Another theory rests not with pollsters, but voters. Voters inclined to voting Trump, or those that have been generally sampled poorly, are more likely to have low social trust, and less inclination to engage with others  including pollsters. “Social trust” is, as the Pew Research Center once wrote, a measure of a voter’s “faith in people” and a belief in another person’s integrity and reliability. Cynical voters are likely to be cynical in their dealings with pollsters, too.

Hispanics and those in non-professional social classes typically have high levels of low social trust, as do those who have no record in voting. In an election where turnout is reported to have been the highest in a century, with campaigns aimed at turning out the disengaged, it is understandable that pollsters may have struggled to sample or weight for those newly-engaged electors. In some instances, that may mean a newly-engaged section of a demographic whose historic voting patterns, simply put, do not exist. In that case, relying on the 2016 patterns is all you can do. This may in part explain why pollsters, to a degree, may have missampled Hispanics.

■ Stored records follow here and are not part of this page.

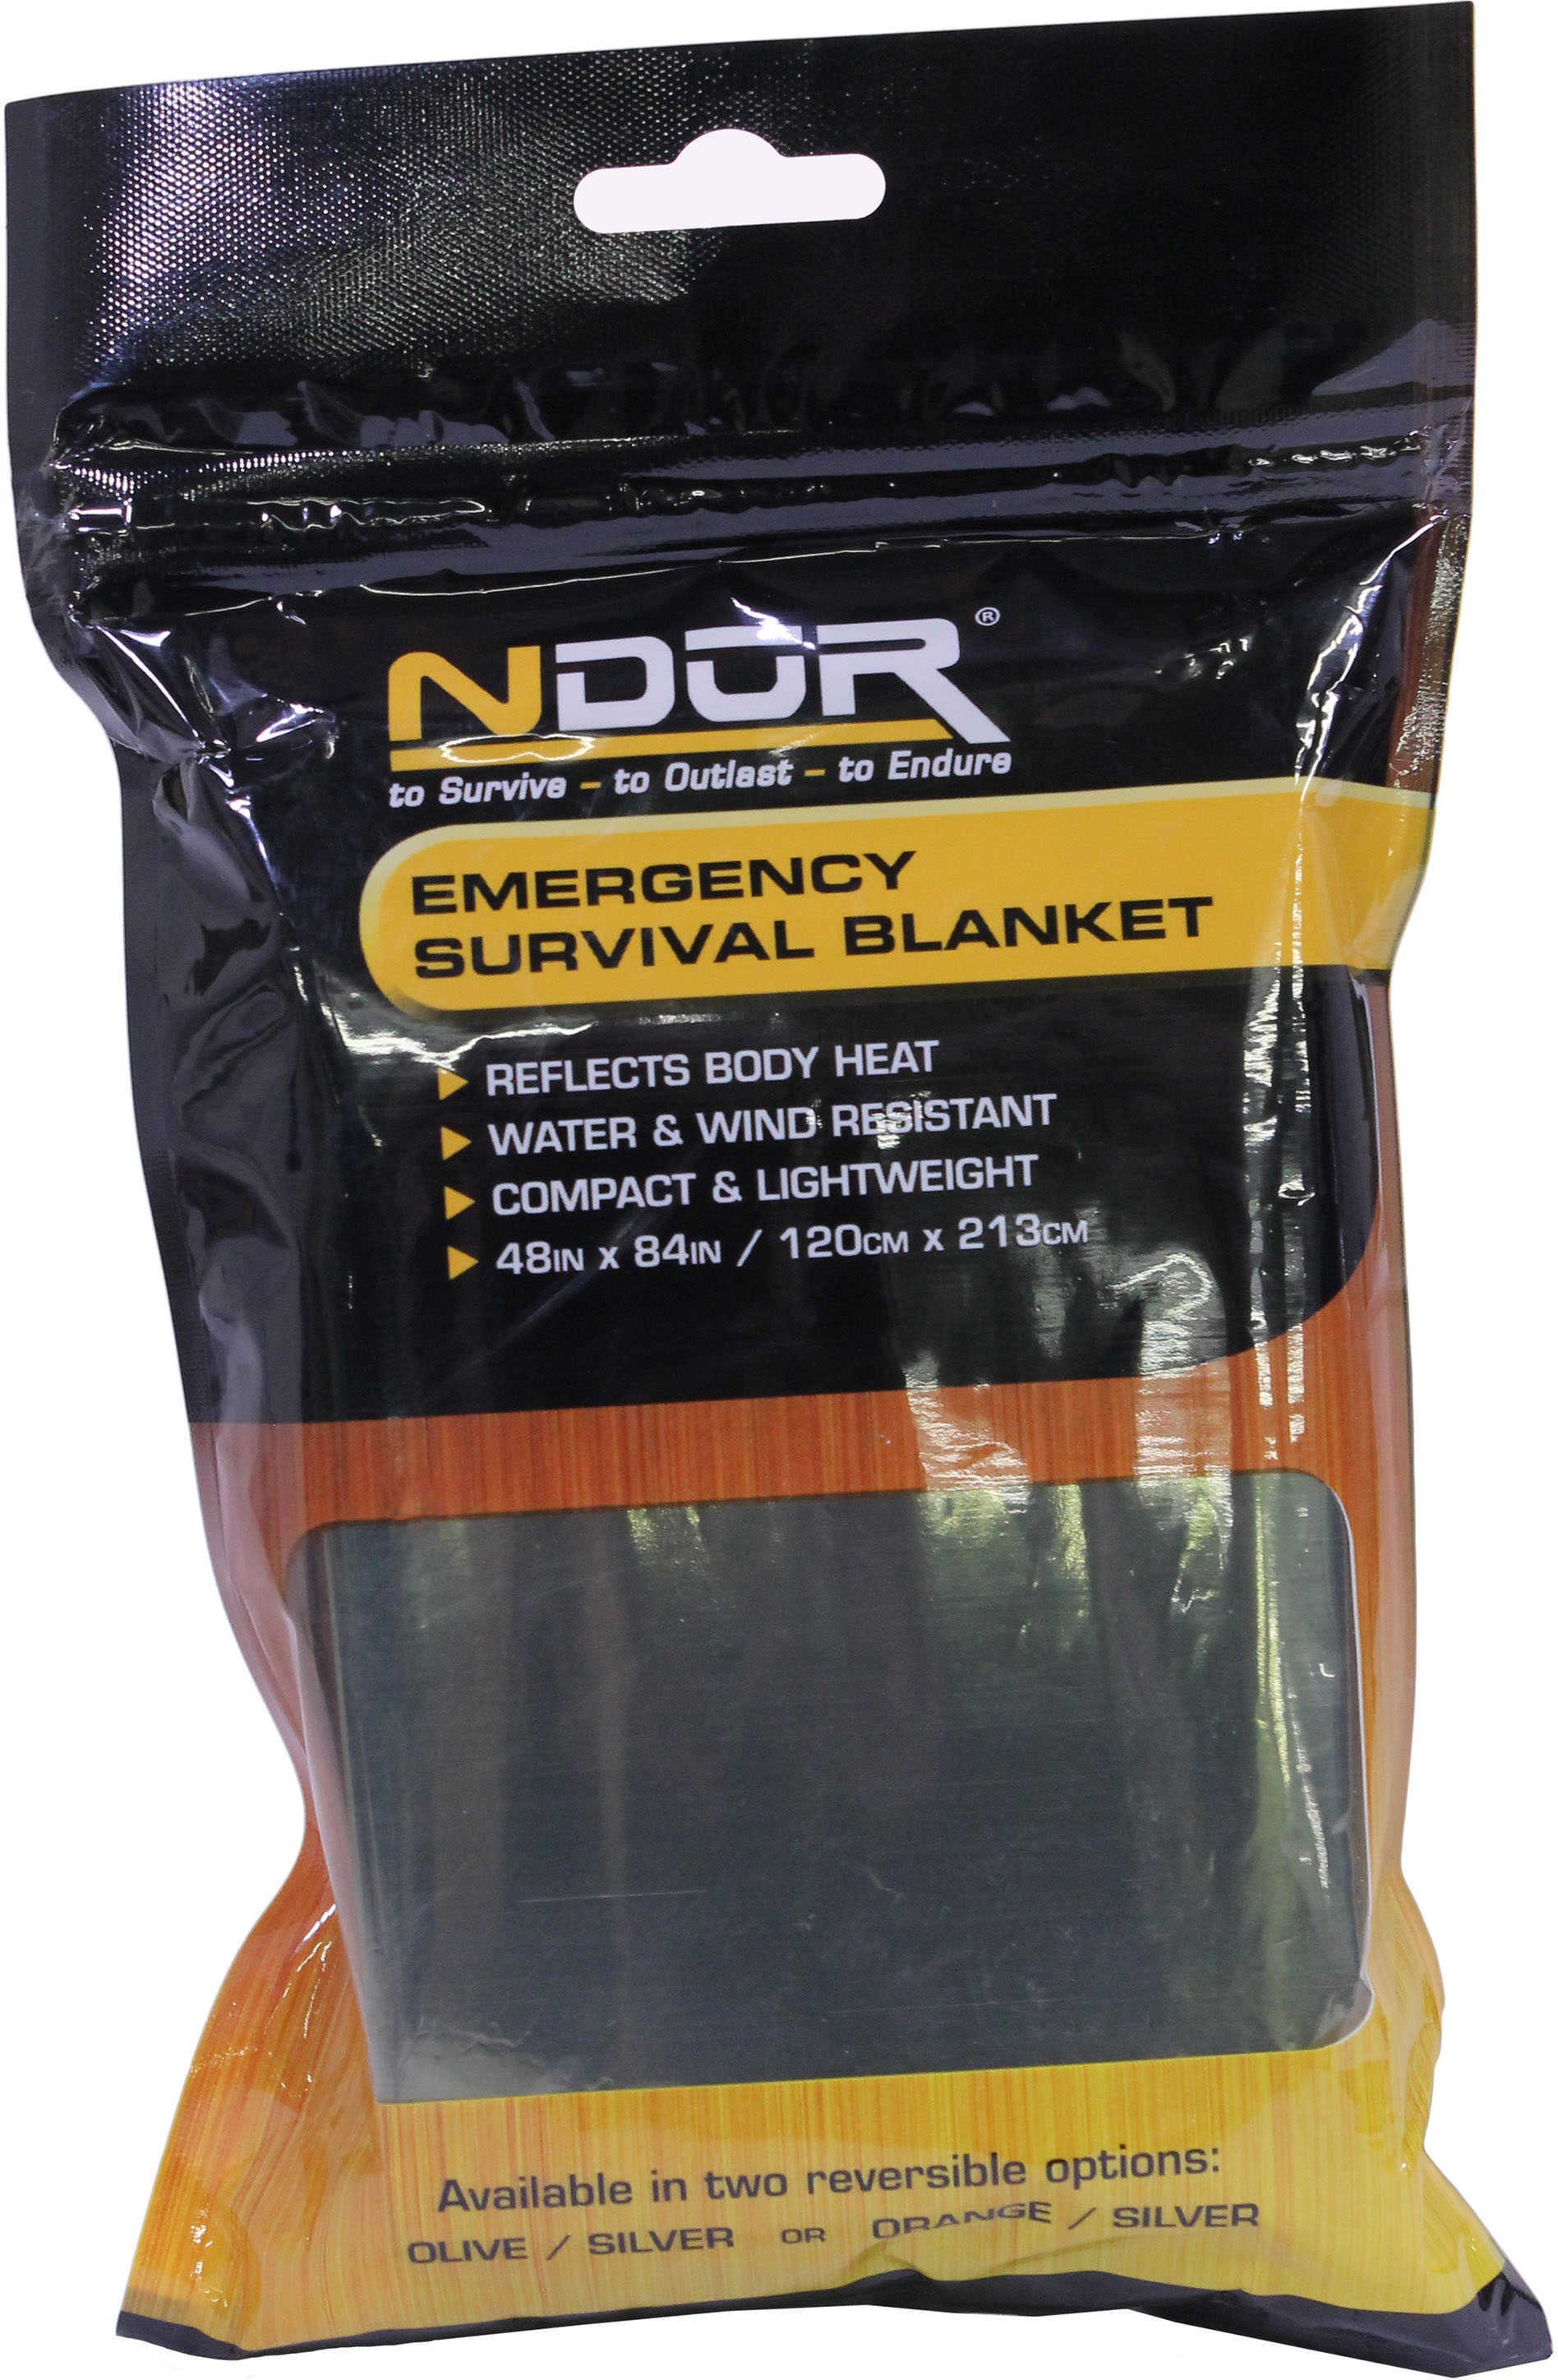 Ndur Emergency Survival Blanket Olive /silver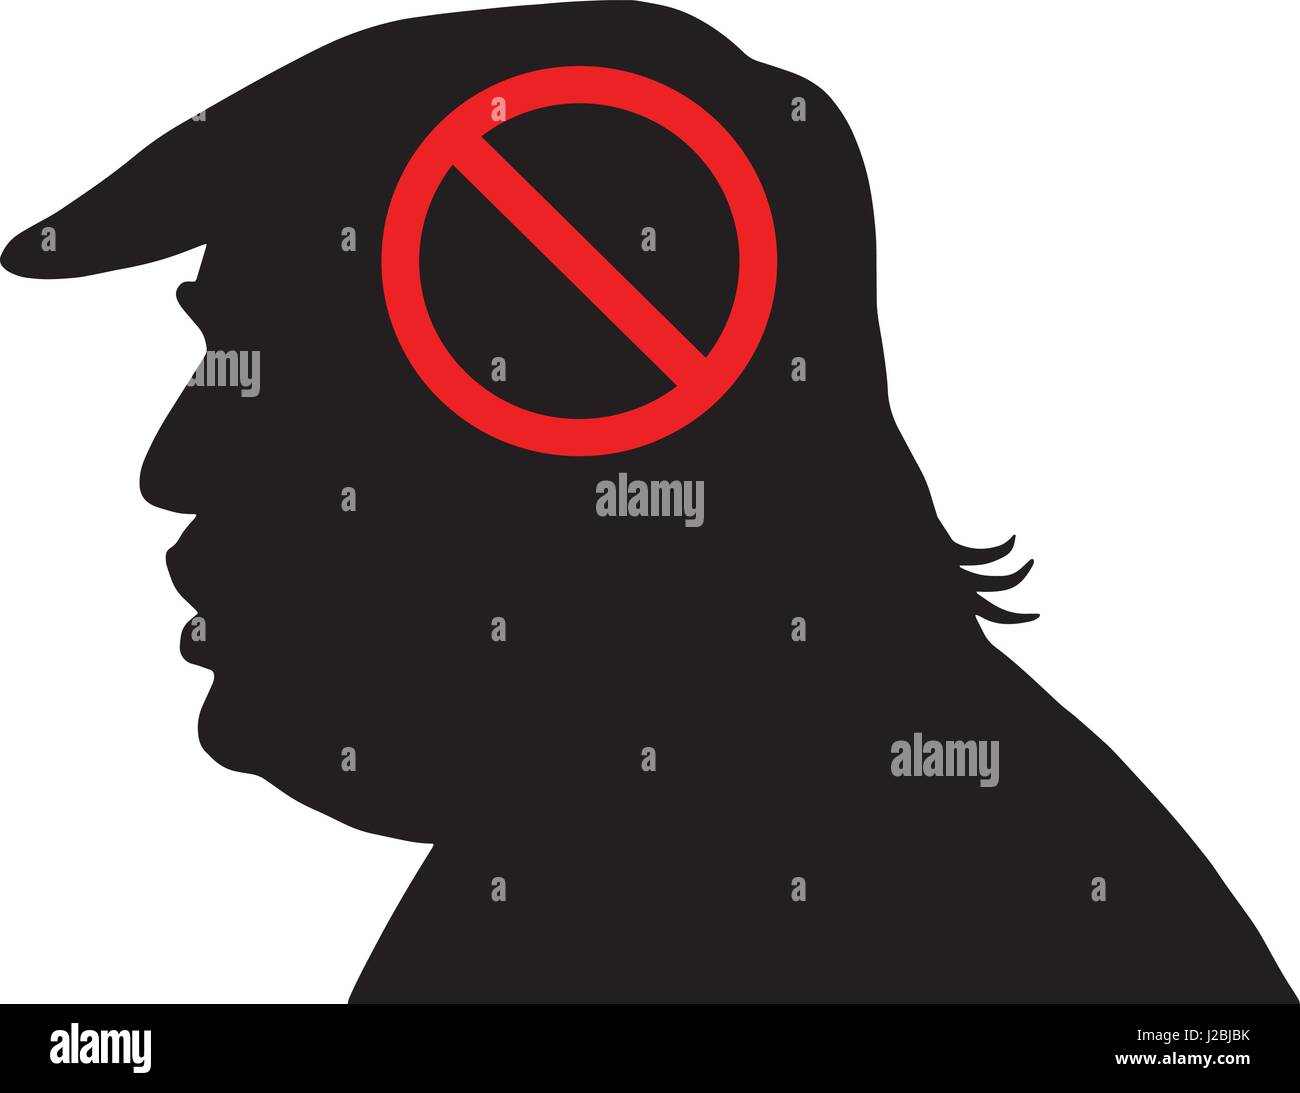 Donald Trump Silhouette mit Anti-Zeichen. Vektorgrafik-Symbol Stock Vektor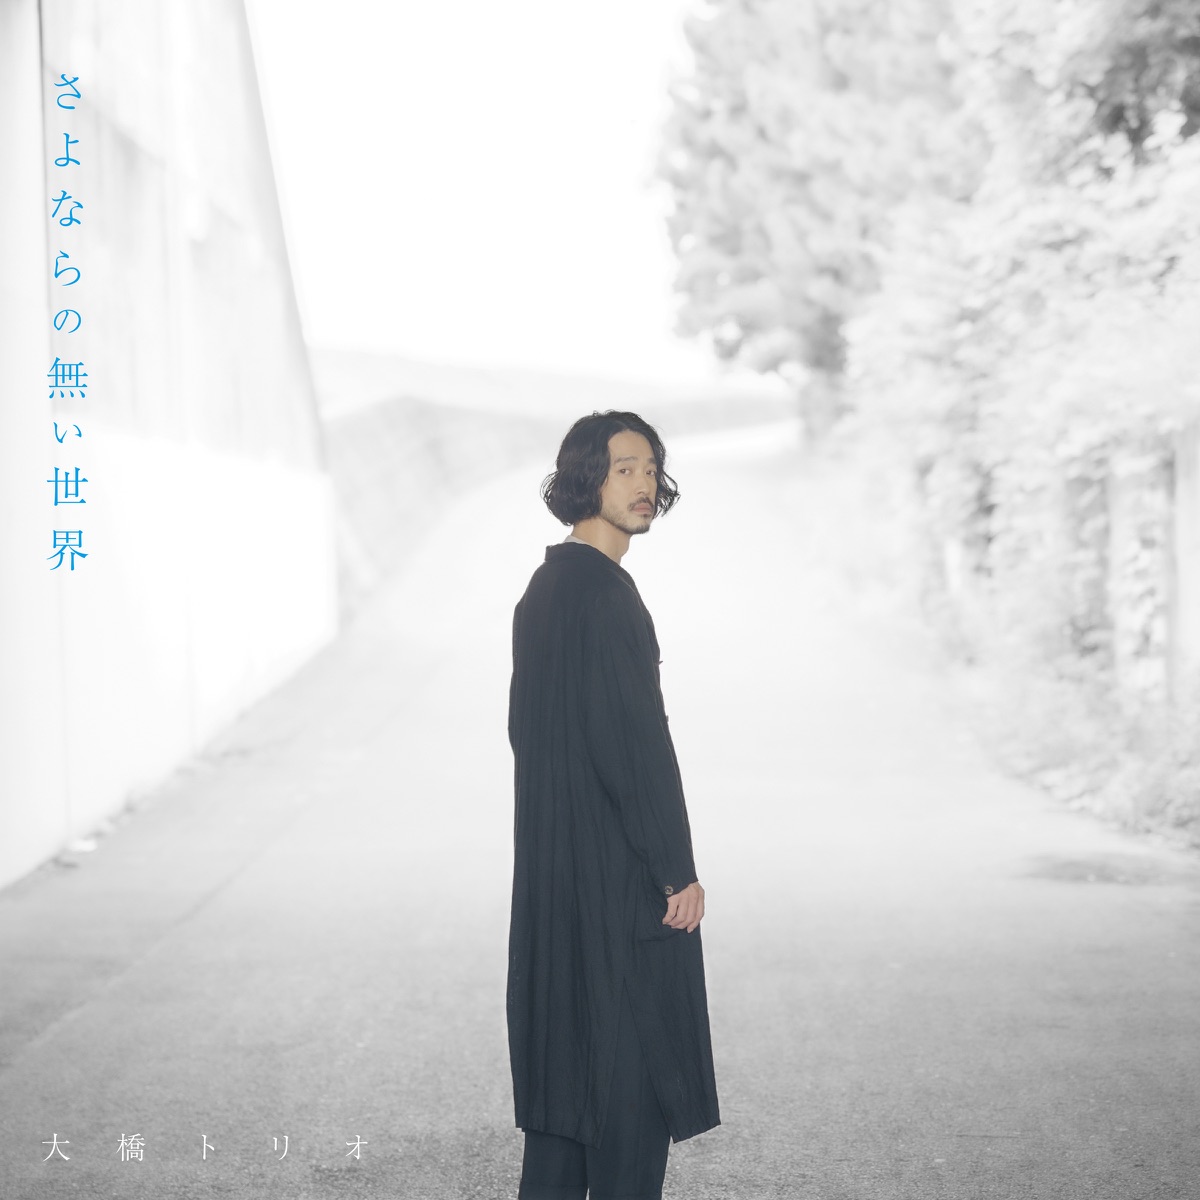 Cover art for『Ohashi Trio - さよならの無い世界』from the release『Sayonara no Nai Sekai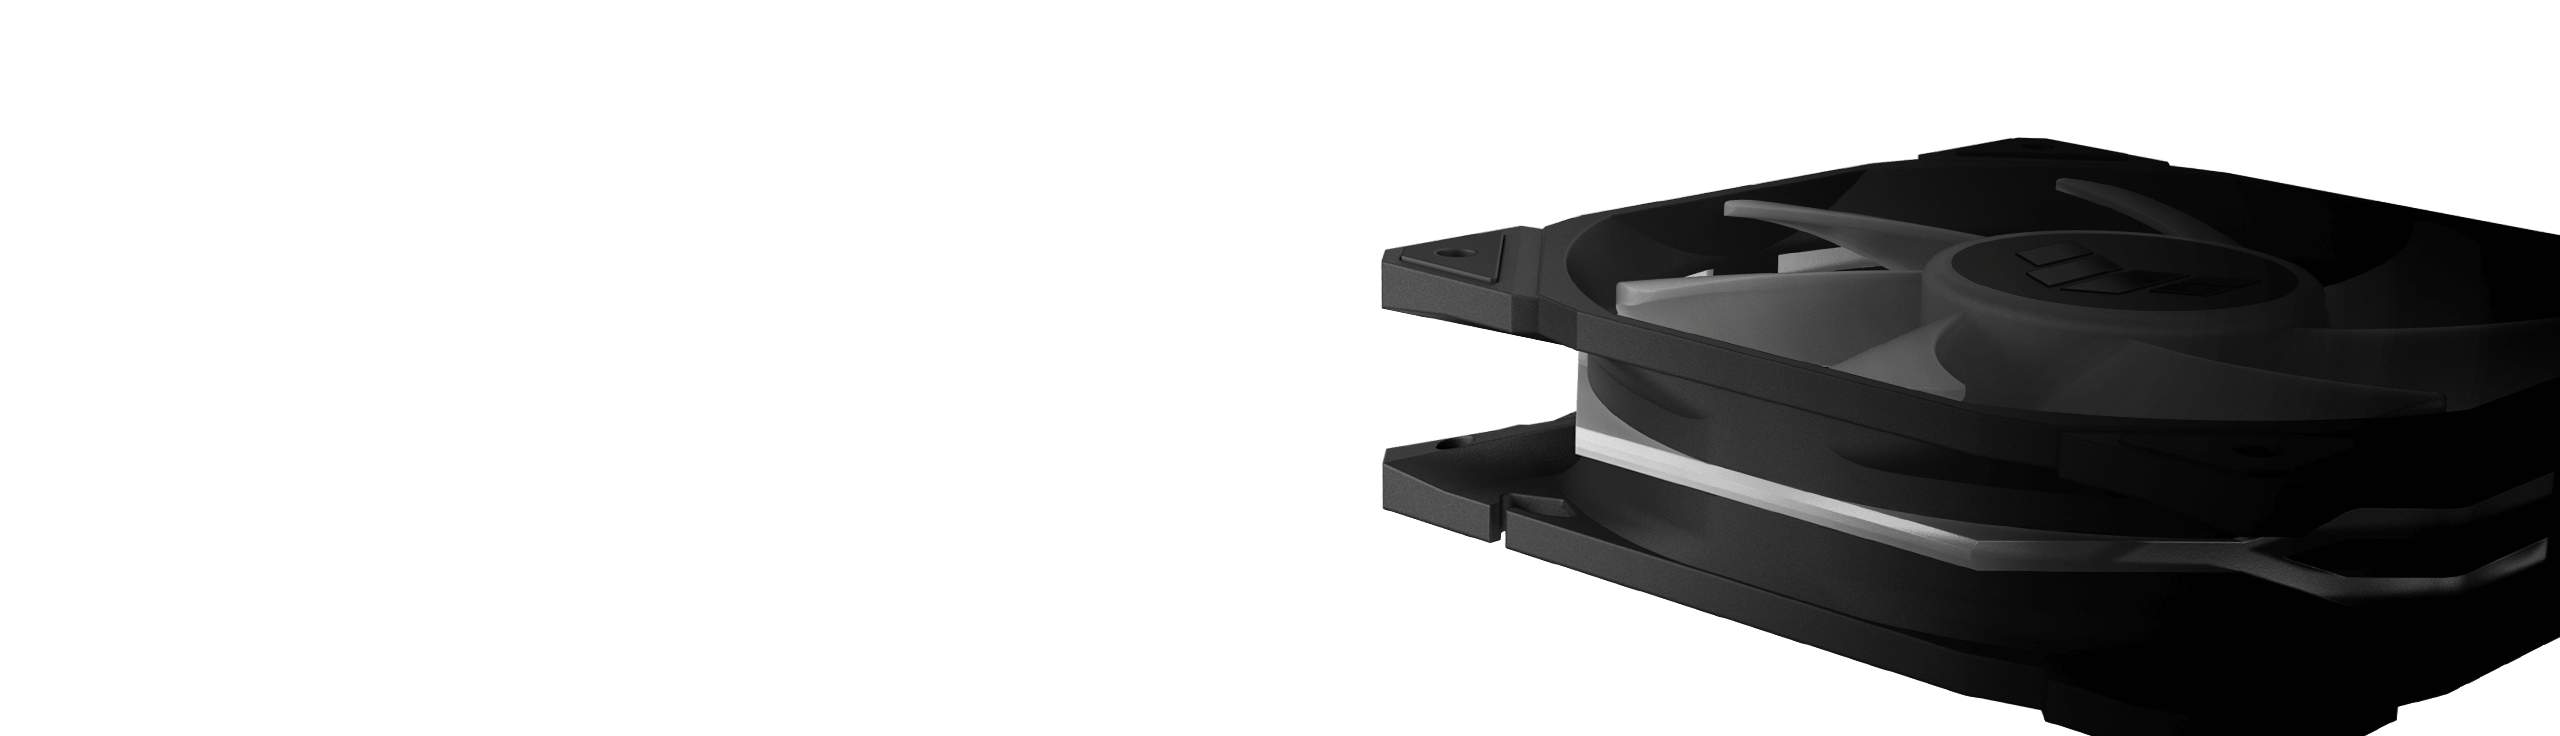 ASUS TUF Gaming TR120 ARGB 反向風扇的額外厚度28毫米風扇框架與其他25毫米風扇框架進行比較。

At any rate, we just don’t have enough evidence at this moment to definitively say why the polls were out. Newly-engaged Trump supporters may be a slightly harder demographic to sample than first thought, owing to being more likely to have high levels of low social trust, and therefore an unwillingness to engage with market researchers. The new voters who turned out for the current incumbent are not, also, as homogenous as first thought. Politically, they’re just as Trumpian as any of his other supporters; demographically they’re more diverse than ever. The old assumptions and weightings applied about where a candidate gets their support from  and the propensity for that support to turn out on the day  may warrant a rethink. 

Trump is certain to have lost this election, but the legacy he will leave is a campaign of the insurgents, of breaking age old assumptions about who votes and what do they vote; that campaign, often understated in polls, may just hang about for a little while longer.